May 22, 202629mWatch on YouTube ↗

CHAPTERS

0:15 – 2:16
Why identical outputs can deserve different levels of trust
James Brady opens by arguing that the internal mechanism producing an answer can matter as much as the answer itself. He illustrates that two systems with the same output may warrant different trust depending on model quality, tool use, and verification steps.
- •Trust depends on the process, not just the final output
- •Static-analysis-style example: same verdict, different confidence depending on how it was generated
- •Older model vs state-of-the-art model with tool use and critique produces different “objects”
- •Mechanism choice is a product/design decision, not a universal best practice
2:16 – 3:17
Design trade-offs: speed vs rigor and Elicit’s reliability goals
He frames workflow design as contextual, emphasizing trade-offs between fast responses and rigorous, defensible work. Elicit’s brand centers on reliability and provenance, which pushes the team toward more structured, auditable mechanisms.
- •No single canonical internal workflow for all domains or users
- •Speed-versus-rigor is a central product trade-off
- •Elicit optimizes for reliability and high-quality provenance
- •These priorities shape how agentic workflows should be built
3:17 – 5:49
Three desiderata for a trustworthy research agent
Elicit distilled their needs into three requirements: make the agent’s process legible, preserve fidelity as users iterate, and ensure the system follows the agreed process. These desiderata motivated adopting a DSL approach.
- •Process must be legible to humans and other agents (spot-checkable)
- •Iteration should retain fidelity and avoid drift during refinement
- •The system must follow the validated process faithfully (no silent deviations)
- •These requirements naturally point toward an executable DSL
5:49 – 6:50
Introducing ÆSHPL: a constrained, research-focused DSL
James introduces Elicit’s custom language, ÆSHPL, and explains its defining constraints and philosophy. By keeping the language Turing-incomplete and functional, Elicit improves predictability and memoization while embedding domain-specific primitives.
- •ÆSHPL is Turing-incomplete: no loops, recursion, or mutation
- •Purely functional and reactive for predictability
- •Opinionated subset of Python (familiar syntax, constrained features)
- •Adds research-native primitives (papers, clinical trials, retrieval)
6:50 – 7:51
What ÆSHPL looks like in practice (typed, Python-like workflows)
He shows an example program that resembles Python and uses typing to catch errors and enable fast redrafts. The snippet represents a concrete workflow (e.g., competitive/landscape analysis) with searches, joins, enrichment, and filtering steps.

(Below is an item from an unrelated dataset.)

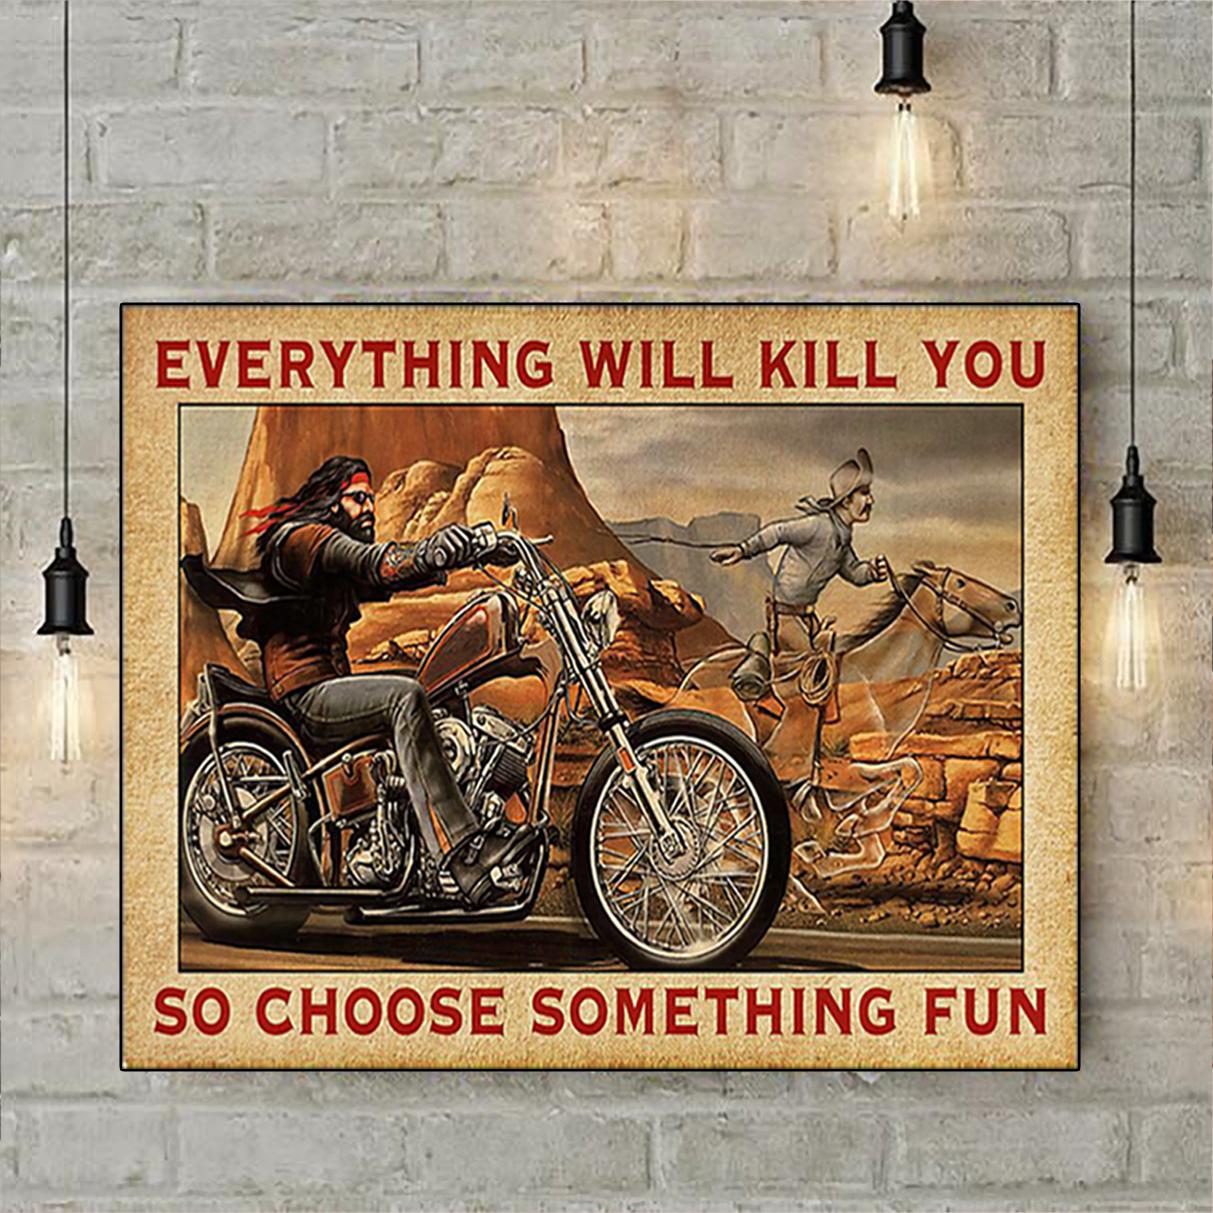 Biker cowboy everything will kill you so choose something fun poster A2

- •Python-like syntax makes it model- and developer-friendly
- •Static types support quick feedback loops (type errors → redraft)
- •Workflows encode multi-step research processes (search, join, enrich, screen)
- •Focus is on explicit, executable plans rather than implicit prompting
7:51 – 8:51
The core loop: write ÆSHPL → interpret → redraft
Elicit’s session engine repeatedly generates ÆSHPL, runs it, and rewrites the program based on results or errors. This creates an iterative, program-driven form of agentic progress instead of ad-hoc conversational drift.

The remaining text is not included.